The CSIRO team has mapped maps with extremely high accuracy| IEEE
In addition to the four-legged robot, the high-precision mapping map is also the surprise of this challenge. In this challenge, although the CSIRO data61 team ranked second, the map they mapped by the robot was less than 1% different from the real map of DARPA.
It is understood that darpa's official map is to invite professional technicians, use very expensive equipment, and spend 100 hours to conduct professional mapping. But the CSIRO data61 team, in less than an hour, got results that were close to the official map. The technology behind this really surprised and curious everyone.

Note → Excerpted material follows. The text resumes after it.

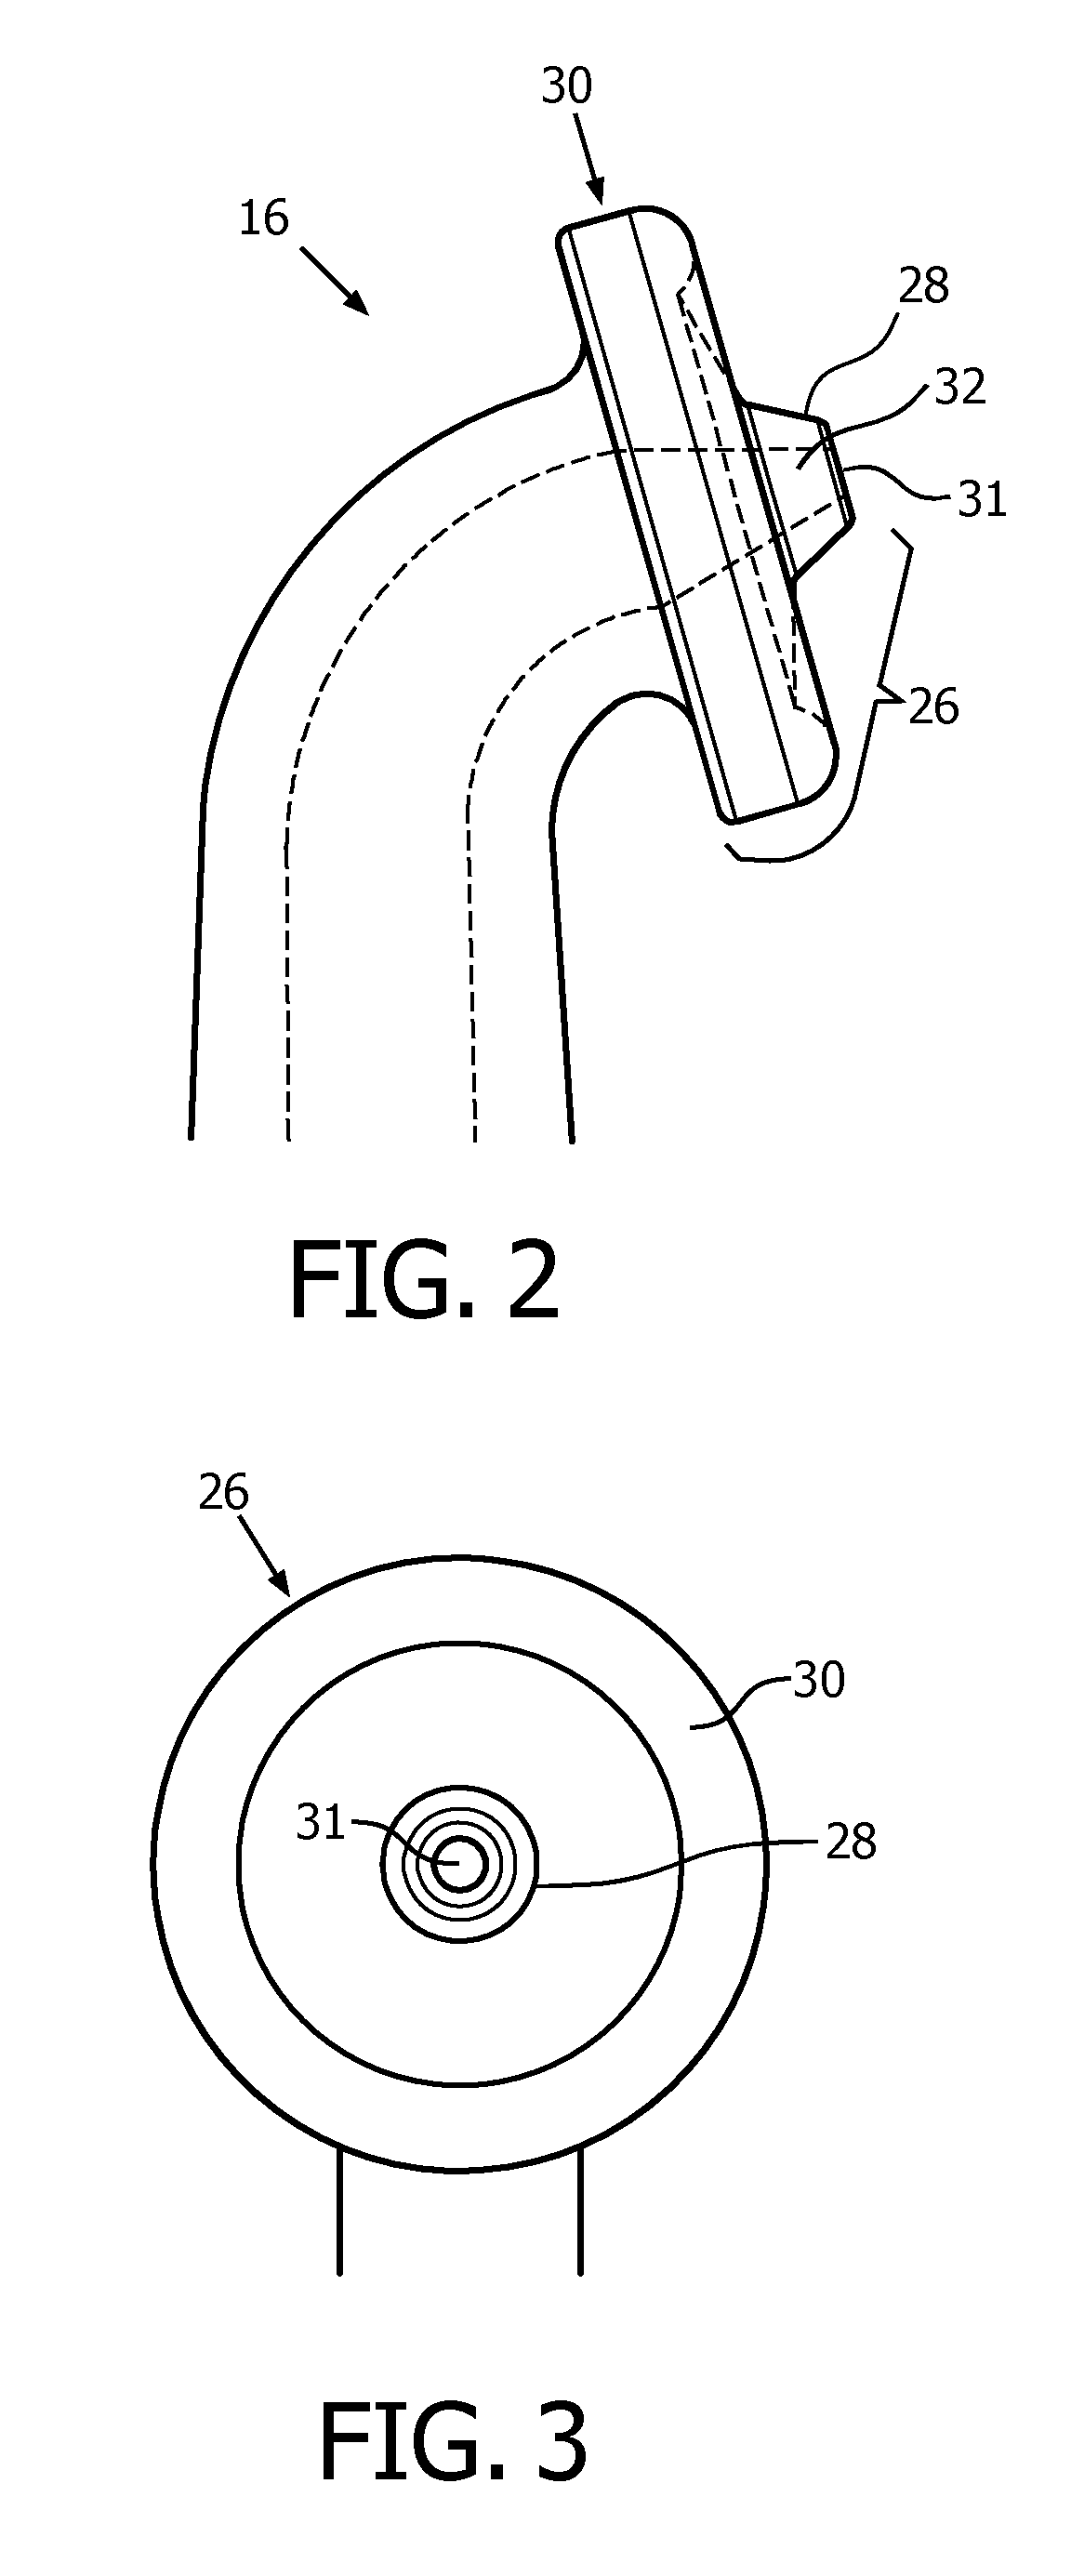 Adjustable assembly and nozzle for providing various liquid/air output flow patterns

It is understood that behind the CSIRO data61 team, there is a set of independent robot research and development platform called Wildcat and commercialization solutions for industrial applications. According to the team leader, Wildcat uses a nonlinear optimization algorithm to convert 3D LiDAR (light detection and ranging) data from robot sensors into a highly detailed and accurate environmental map in real time, while providing attitude information for robot control at an updated rate.

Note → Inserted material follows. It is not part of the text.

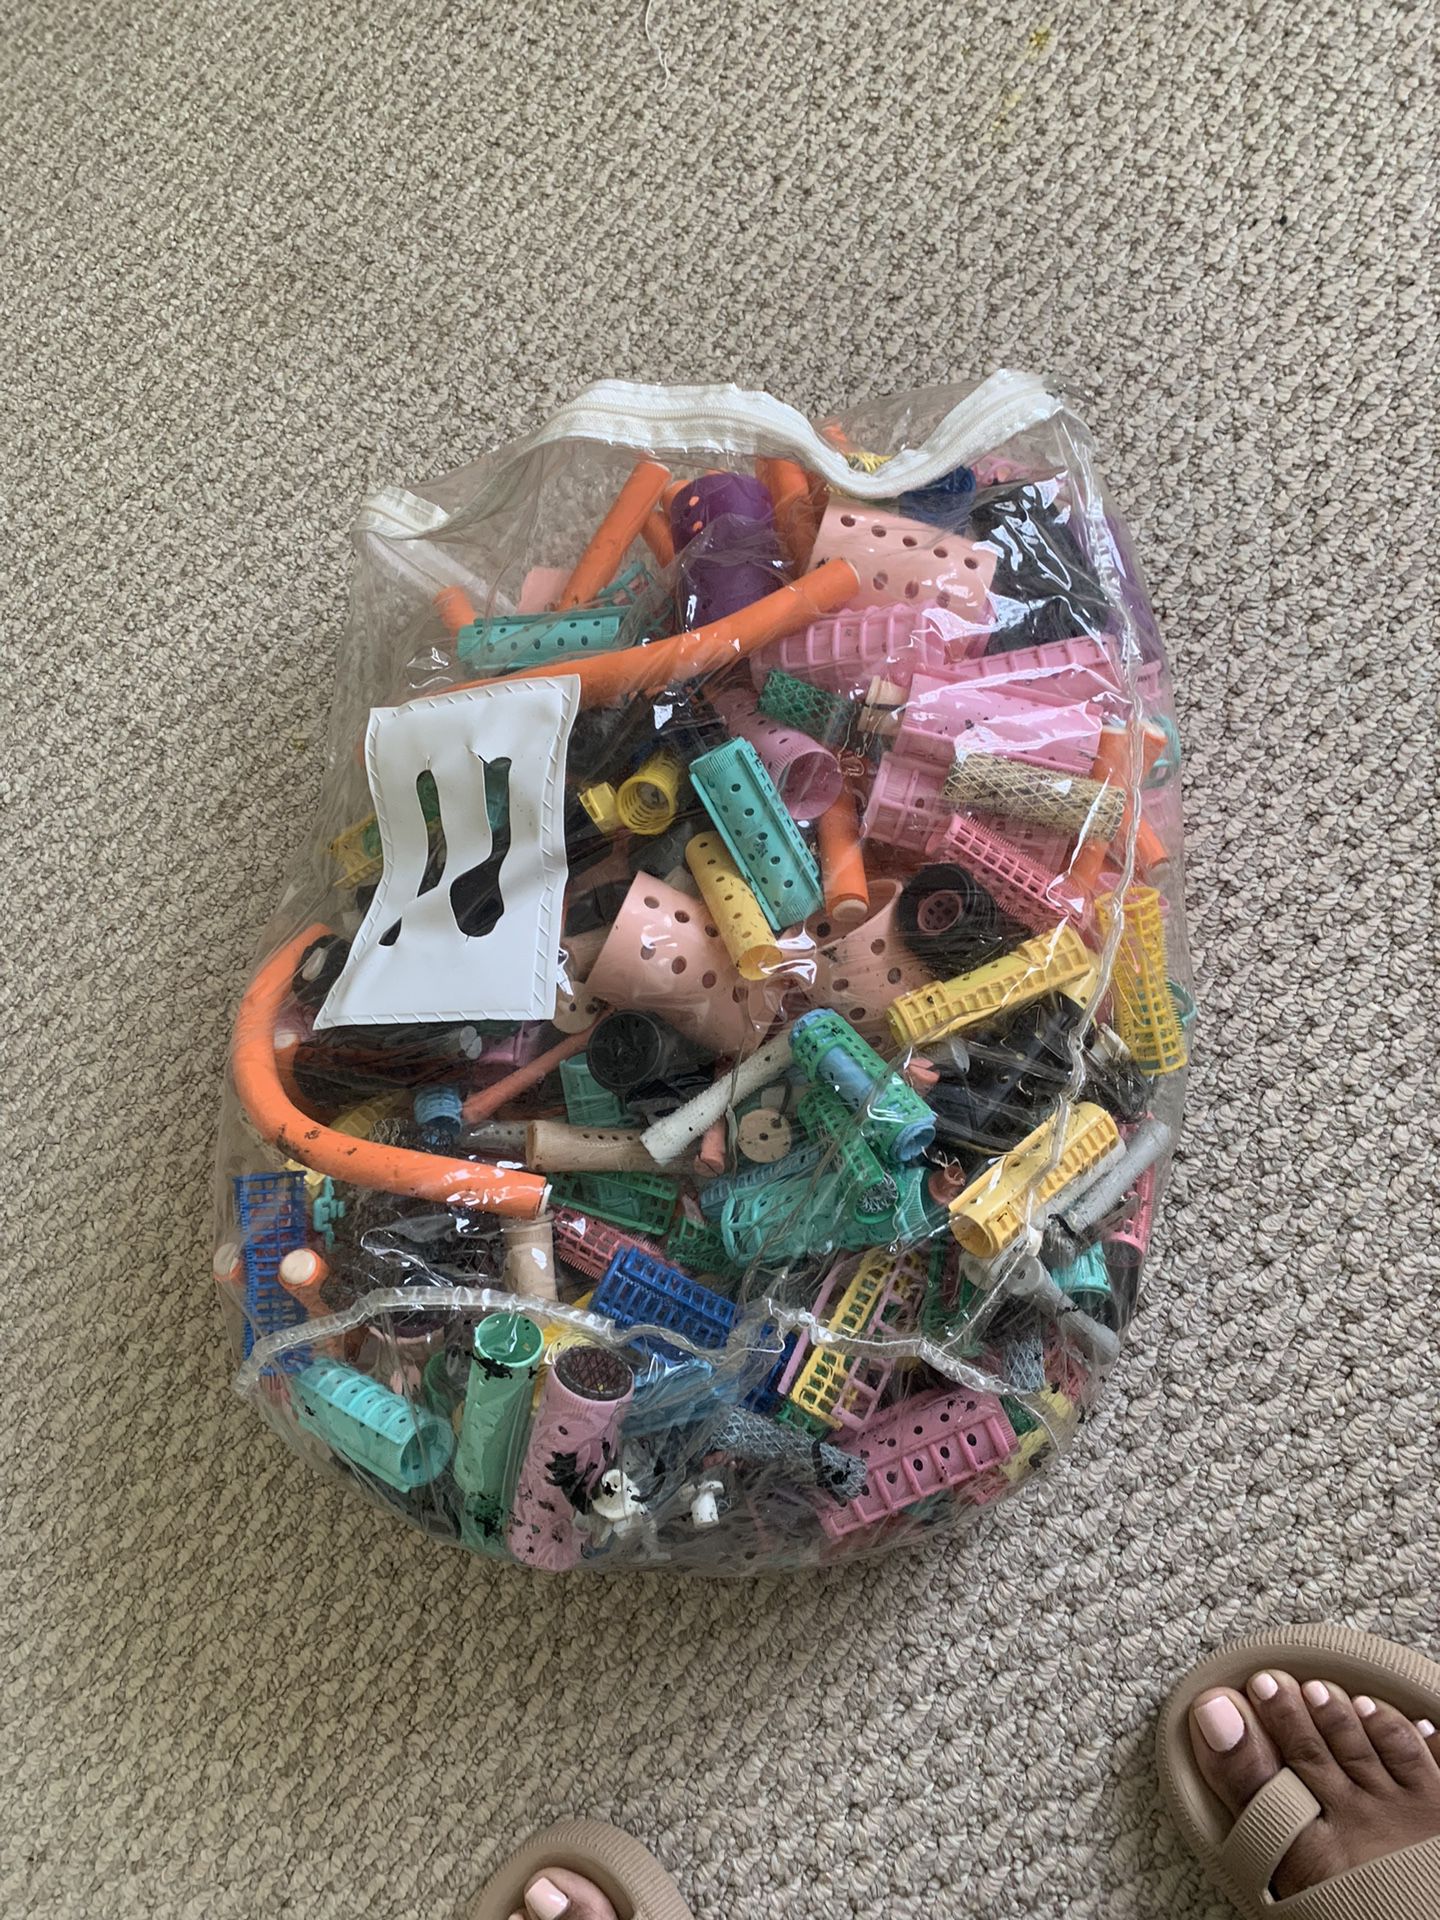 Bag of Used Rollers And Curlers

Robots can share map fragments in real time to help them stay aware of changes in their environment and explore new areas. This allows them to easily integrate different robotic platforms into their fleets.
Wildcat leverages CSIRO's more than a decade of SLAM R&D experience, which is used in conjunction with IMU (Inertial Motion Unit) and LiDAR sensors, with the option to add additional sensors such as chemical, radiological, gas, GPS, and Wi-Fi.
Wildcat solutions have already begun to be commercialized, with drone company Emesent being its first customer, while it also collaborates with several other companies.
A few years ago, Boston Dynamics uploaded a video of the robot on YouTube, which touted its bipedal robots and four-legged robot dogs. However, even if it becomes an "Internet celebrity", boston dynamics' fate in Google, SoftBank and Hyundai Motors reflects the difficulties of the robot industry.
Although the DARPA Robot Challenge tests the search and rescue ability of robots in extreme environments, just like the driverless competition 15 years ago, which gave birth to the autonomous driving track, the terrain scanning, mapping and movement capabilities exercised in the robot competition may soon be applied to the robot products visible on the market, greatly expanding the application scenarios of robots and ultimately accelerating the transition of robots to consumer electronics categories.